BEGIN The records

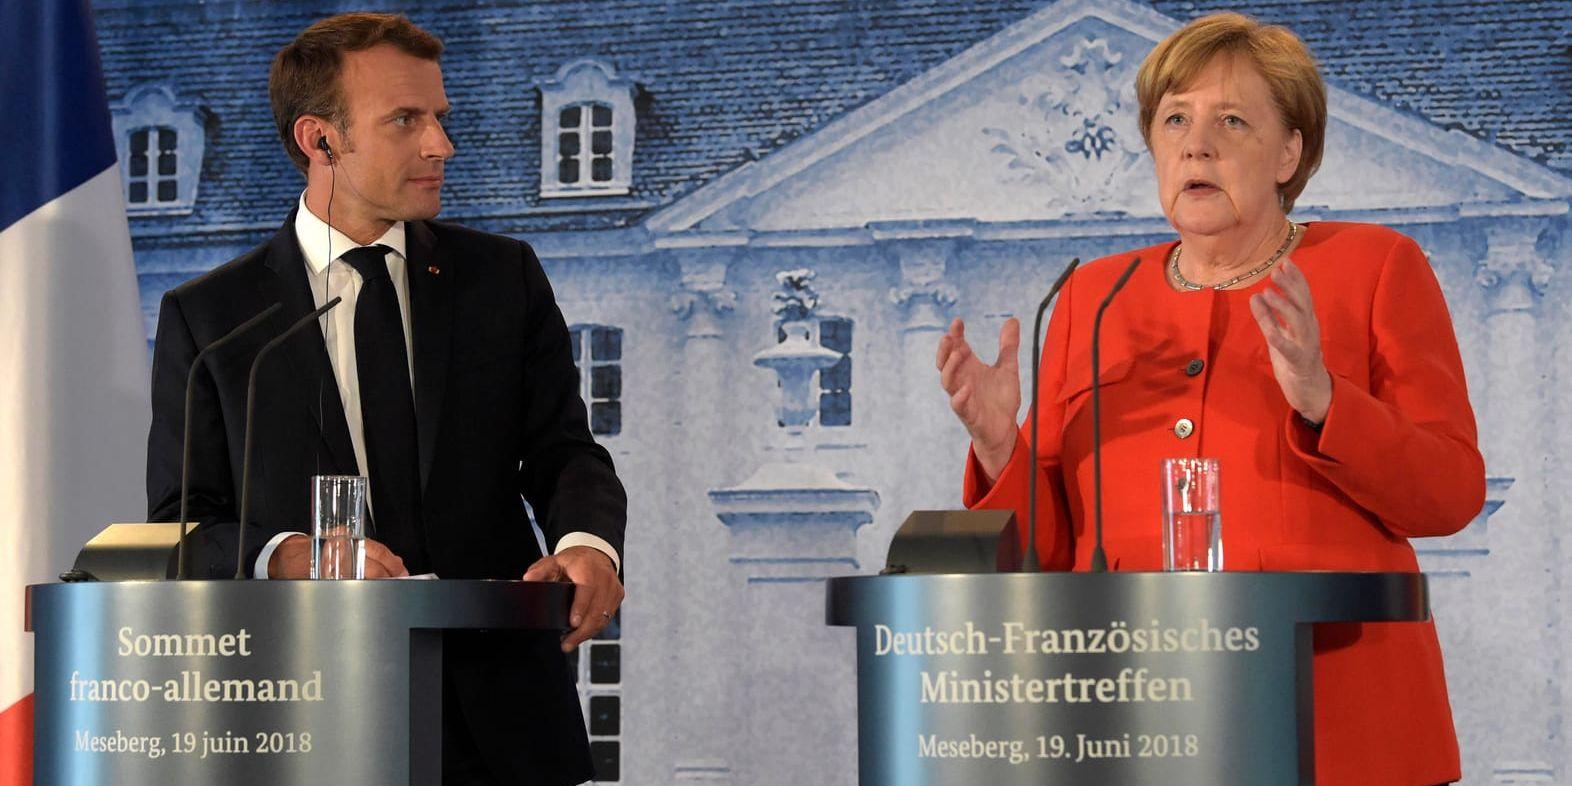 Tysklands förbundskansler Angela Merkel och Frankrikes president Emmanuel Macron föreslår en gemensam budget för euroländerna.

END The records
BEGIN The records

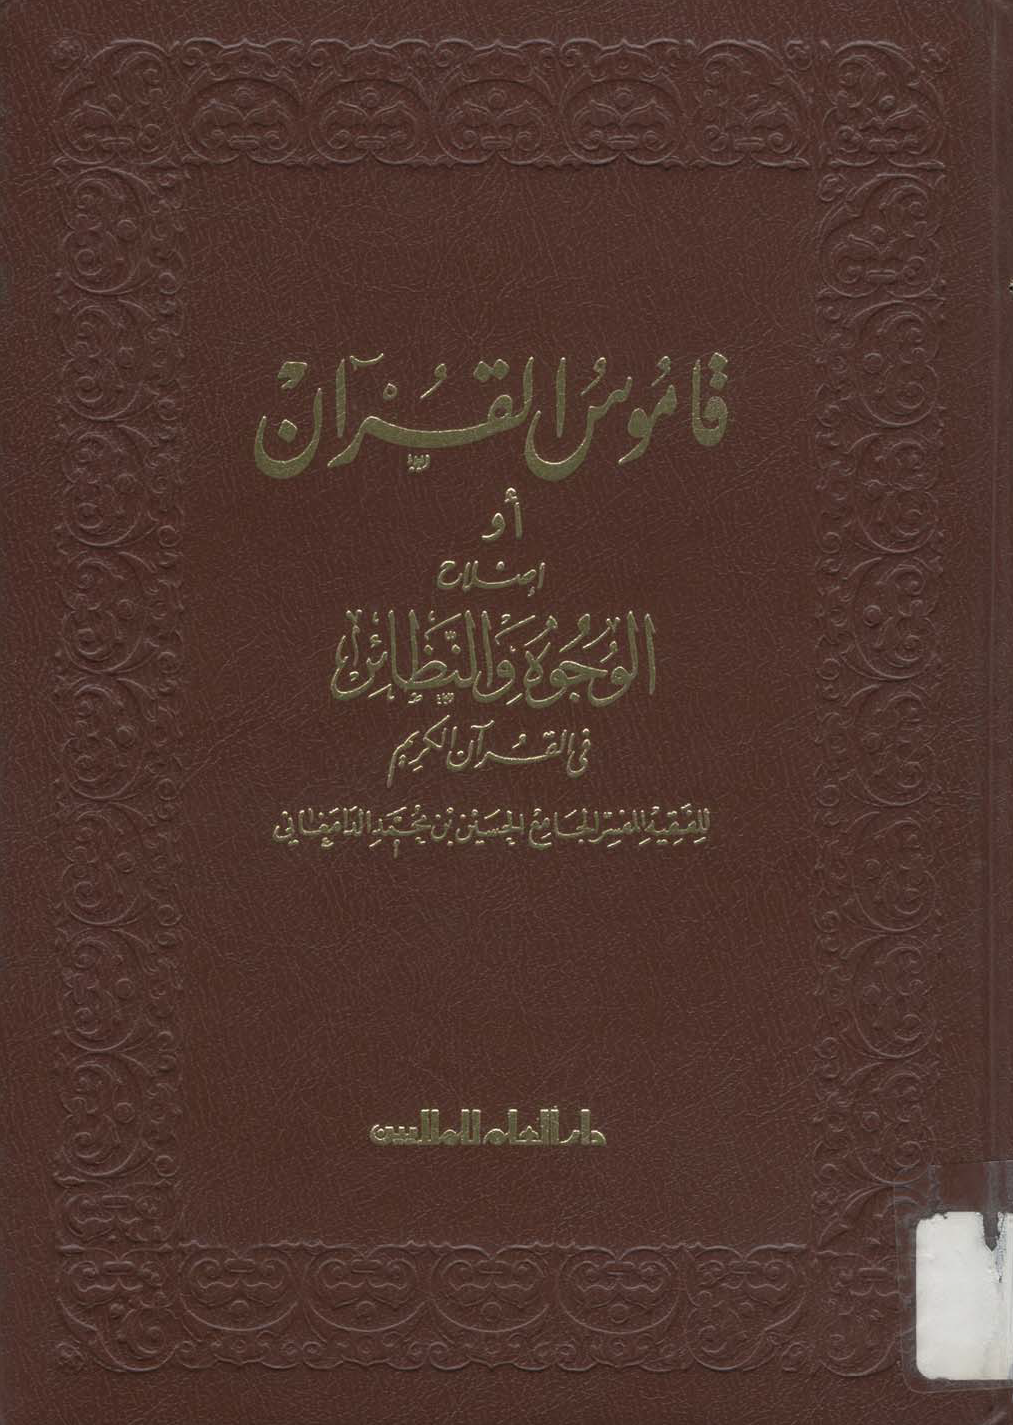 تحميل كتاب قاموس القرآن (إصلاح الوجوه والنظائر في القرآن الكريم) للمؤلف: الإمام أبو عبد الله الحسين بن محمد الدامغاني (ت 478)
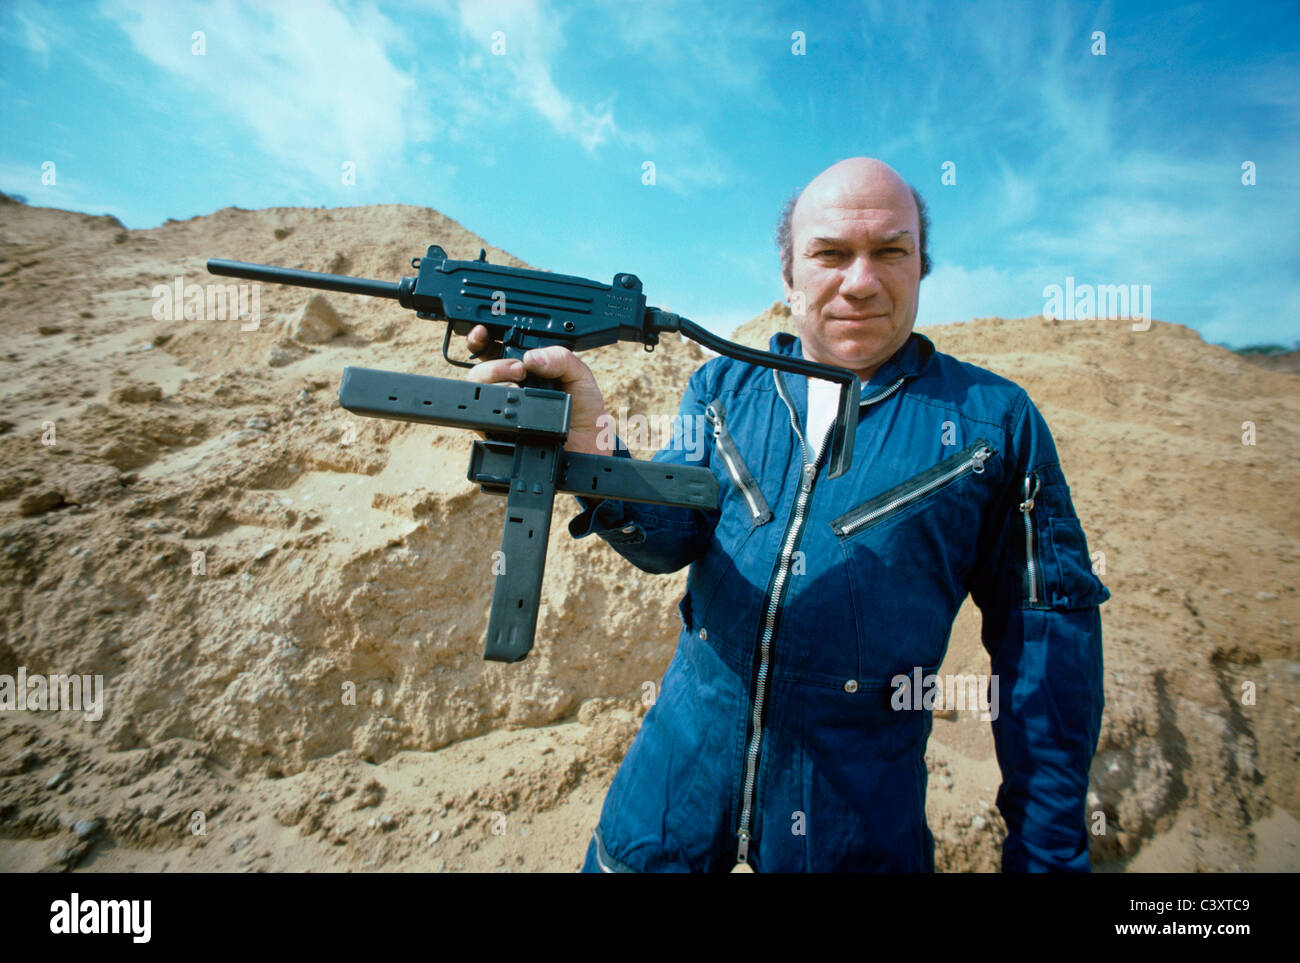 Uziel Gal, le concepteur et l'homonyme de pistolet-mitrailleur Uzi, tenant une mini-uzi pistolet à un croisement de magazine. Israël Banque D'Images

END The records

◆ Required action: Reproduce the entries exactly, from the line with "تحميل كتاب قاموس" to the line with "Uziel Gal, le", both lines included, keeping no pictures.

◆ Answer to the problem:
 تحميل كتاب قاموس القرآن (إصلاح الوجوه والنظائر في القرآن الكريم) للمؤلف: الإمام أبو عبد الله الحسين بن محمد الدامغاني (ت 478)
 Uziel Gal, le concepteur et l'homonyme de pistolet-mitrailleur Uzi, tenant une mini-uzi pistolet à un croisement de magazine. Israël Banque D'Images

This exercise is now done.